WHAT THIS TASK INVOLVES: Under this line sits a listing. Repeat exactly and only its lines from the one holding "Russell considers the" through the one holding "Logitech's MX Ergo"; skip pictures.

RECORDS FOR THE TASK:
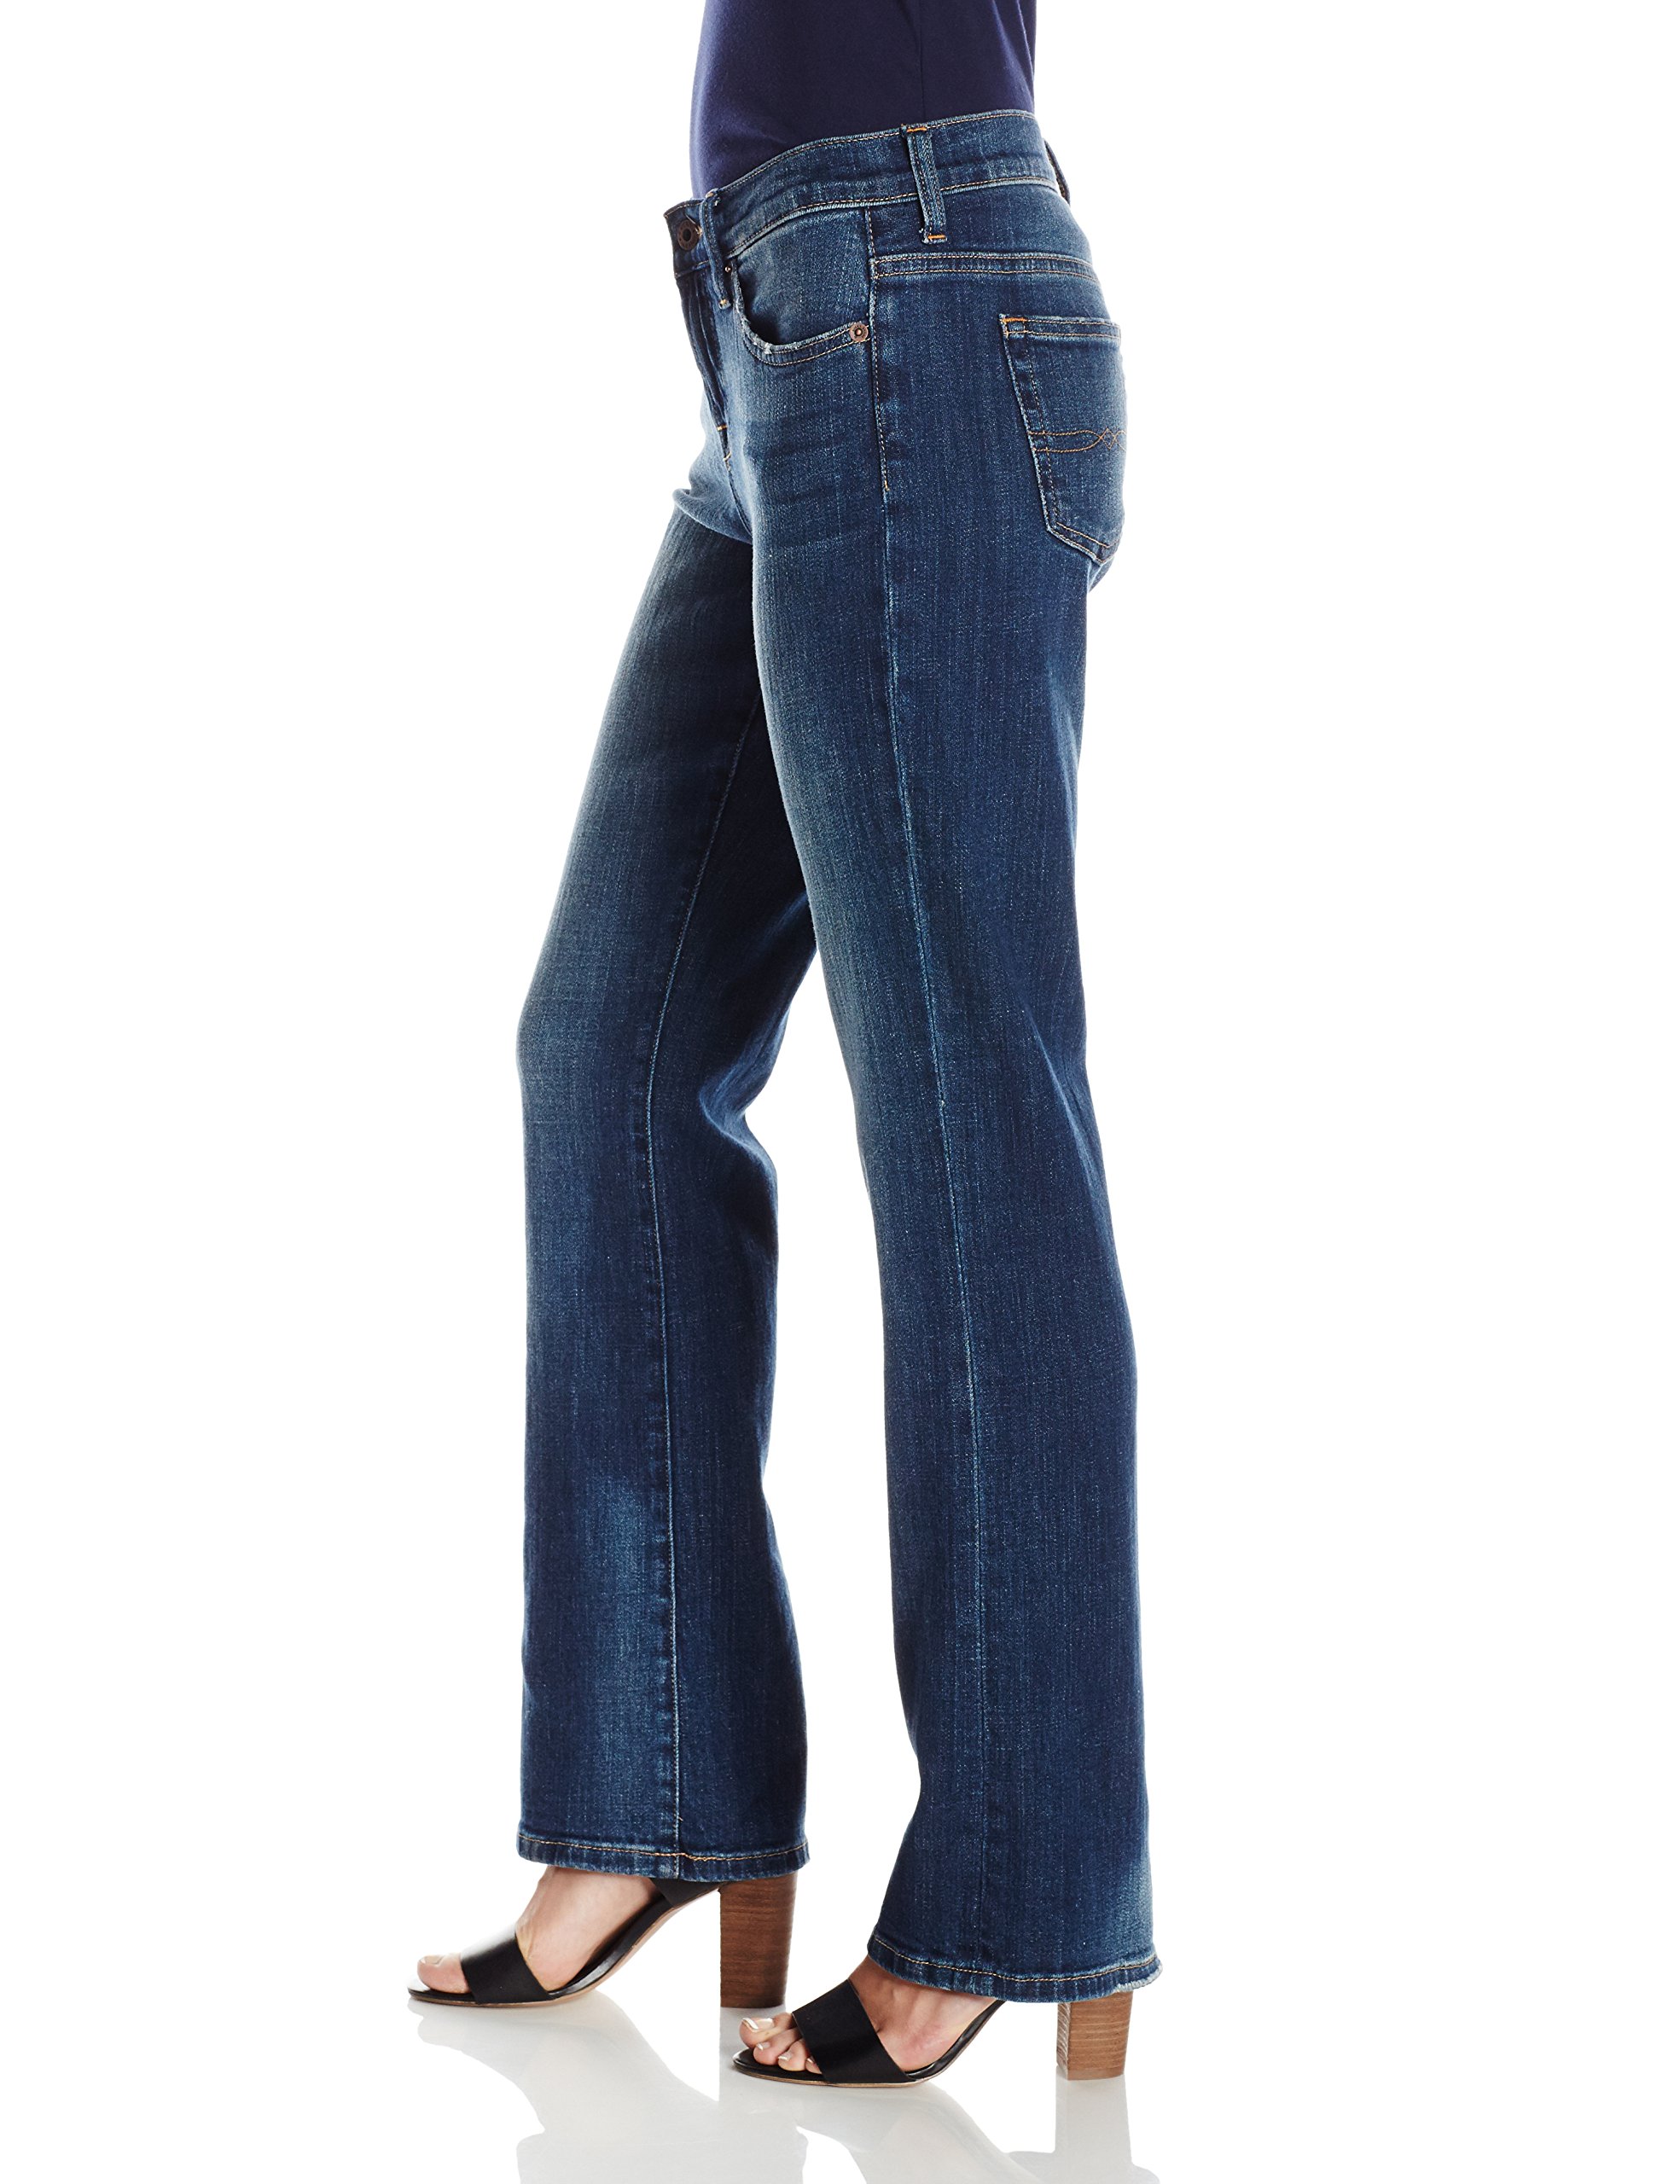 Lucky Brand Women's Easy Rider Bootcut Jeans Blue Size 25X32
* * *
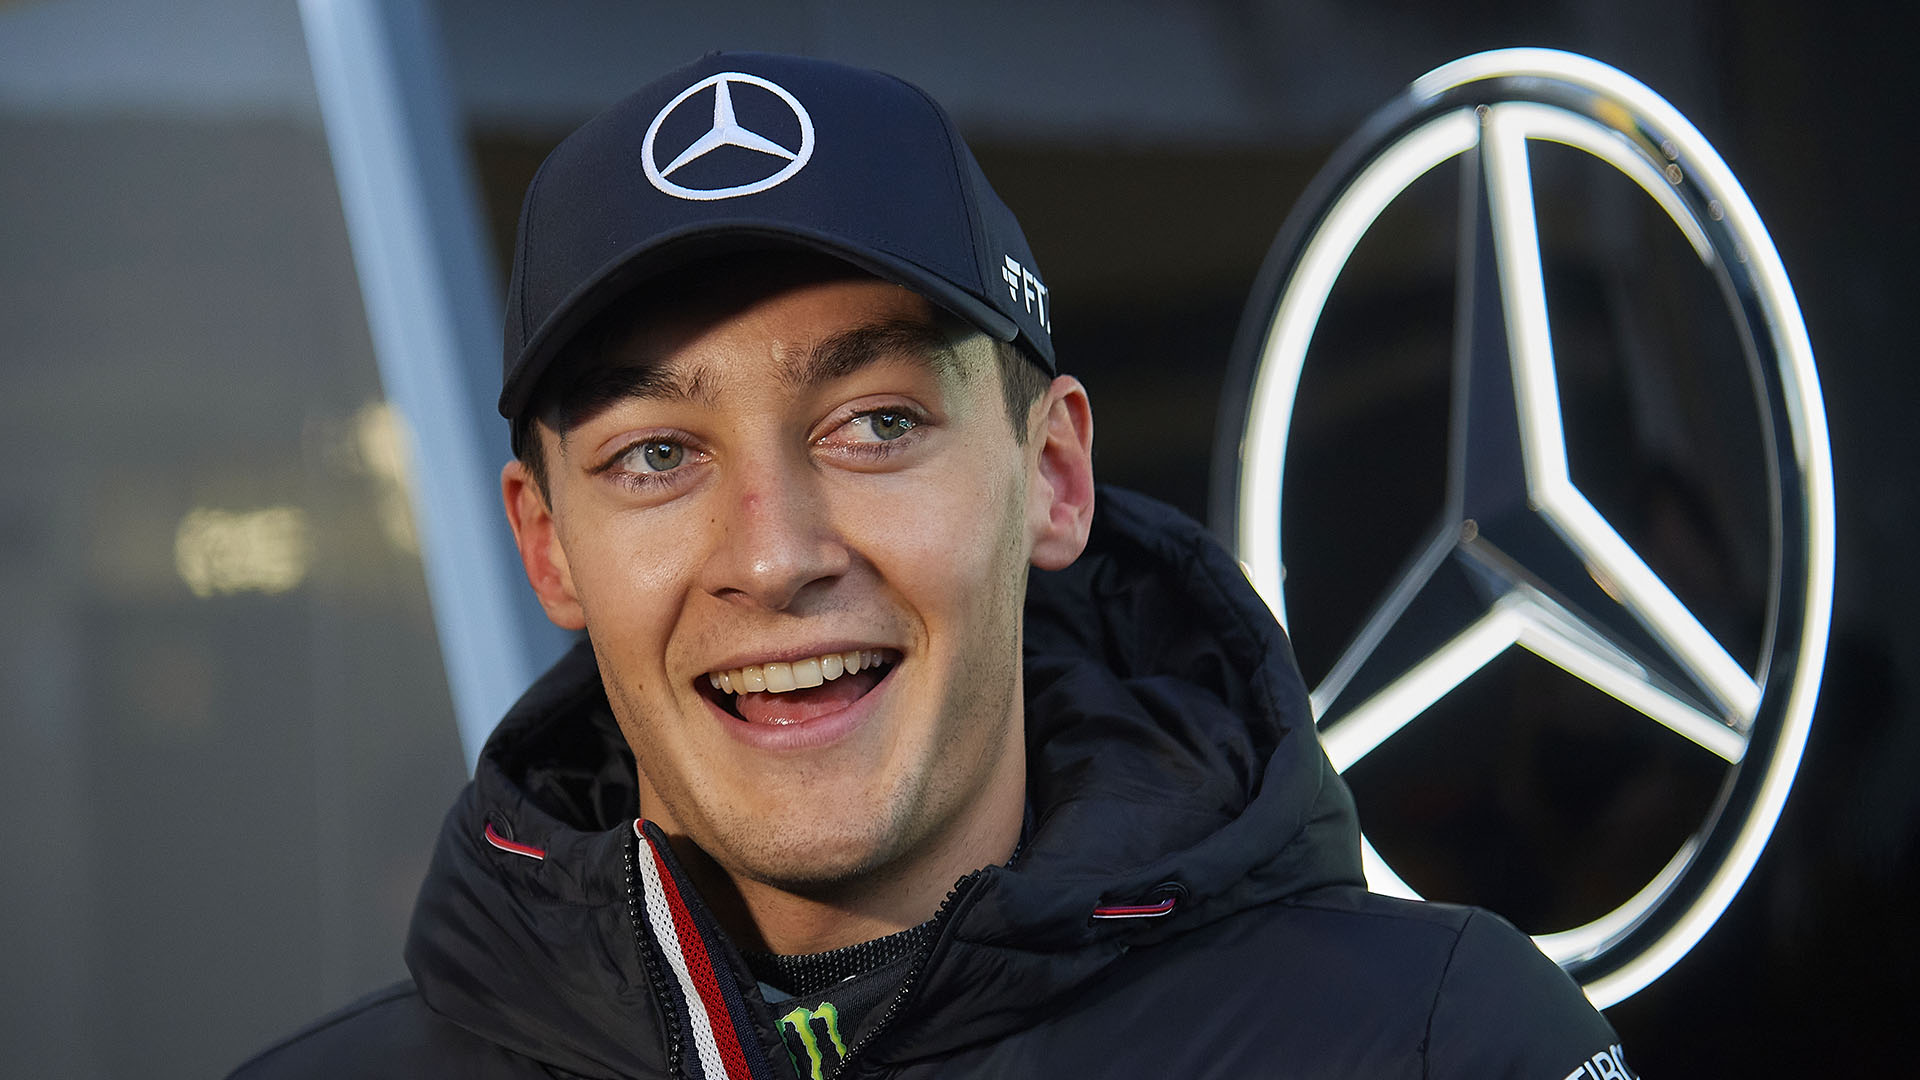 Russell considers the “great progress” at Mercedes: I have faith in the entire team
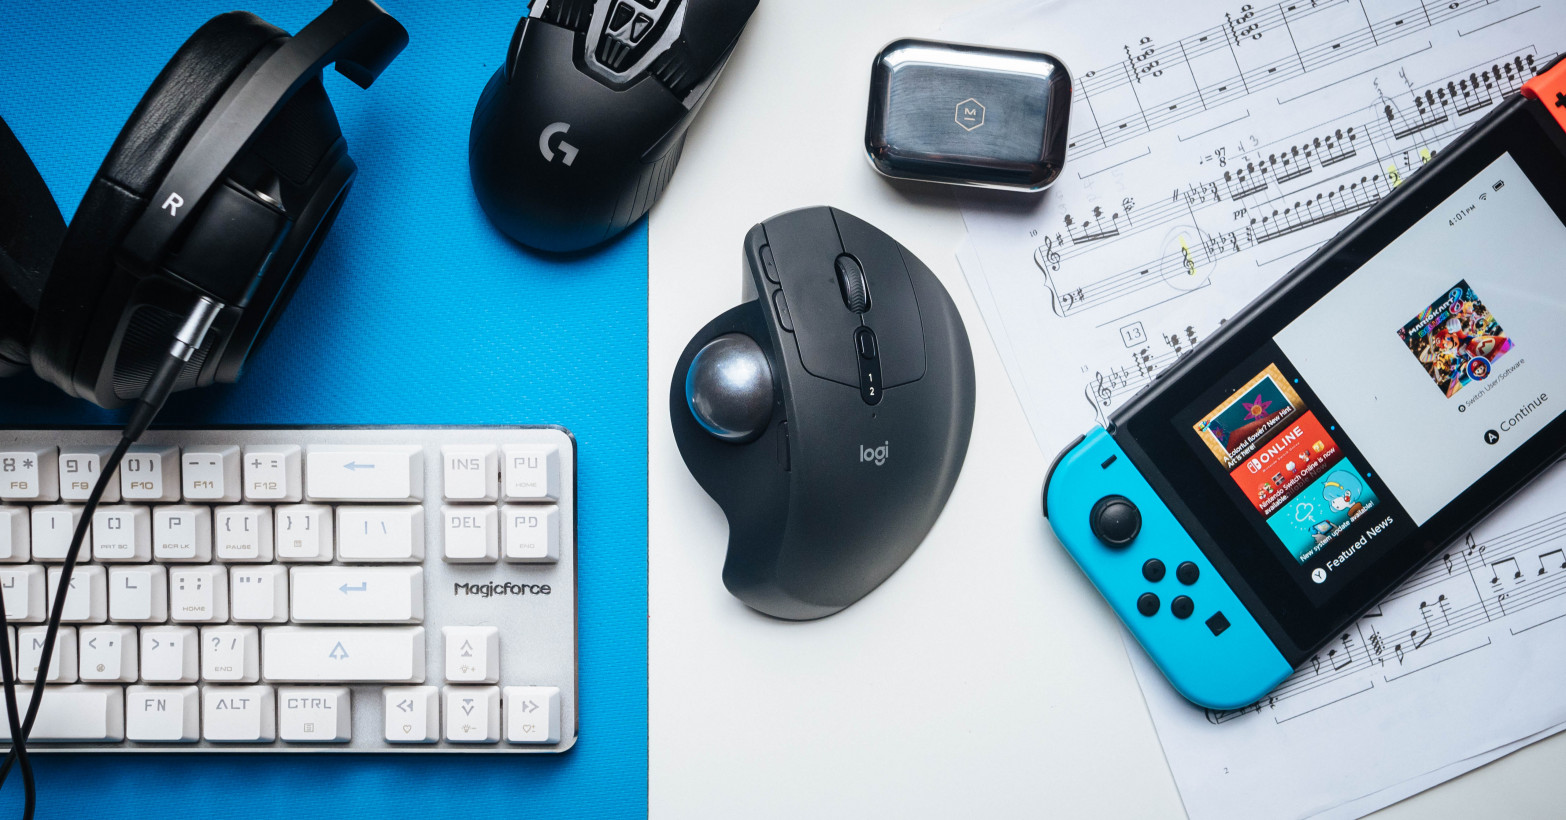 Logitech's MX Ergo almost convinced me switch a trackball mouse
...
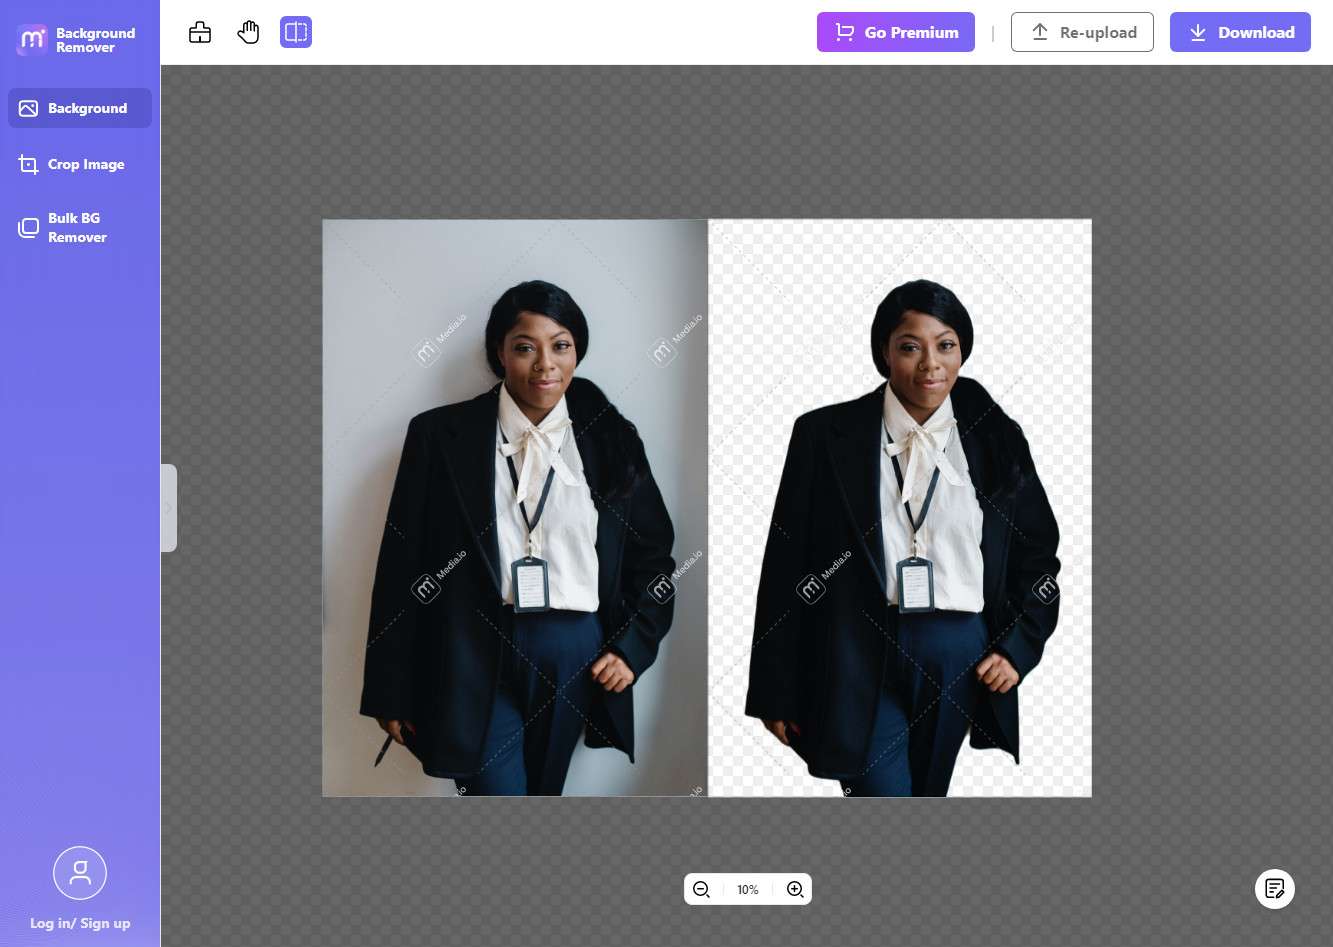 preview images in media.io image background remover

SOLUTION BELOW:
 Russell considers the “great progress” at Mercedes: I have faith in the entire team
 Logitech's MX Ergo almost convinced me switch a trackball mouse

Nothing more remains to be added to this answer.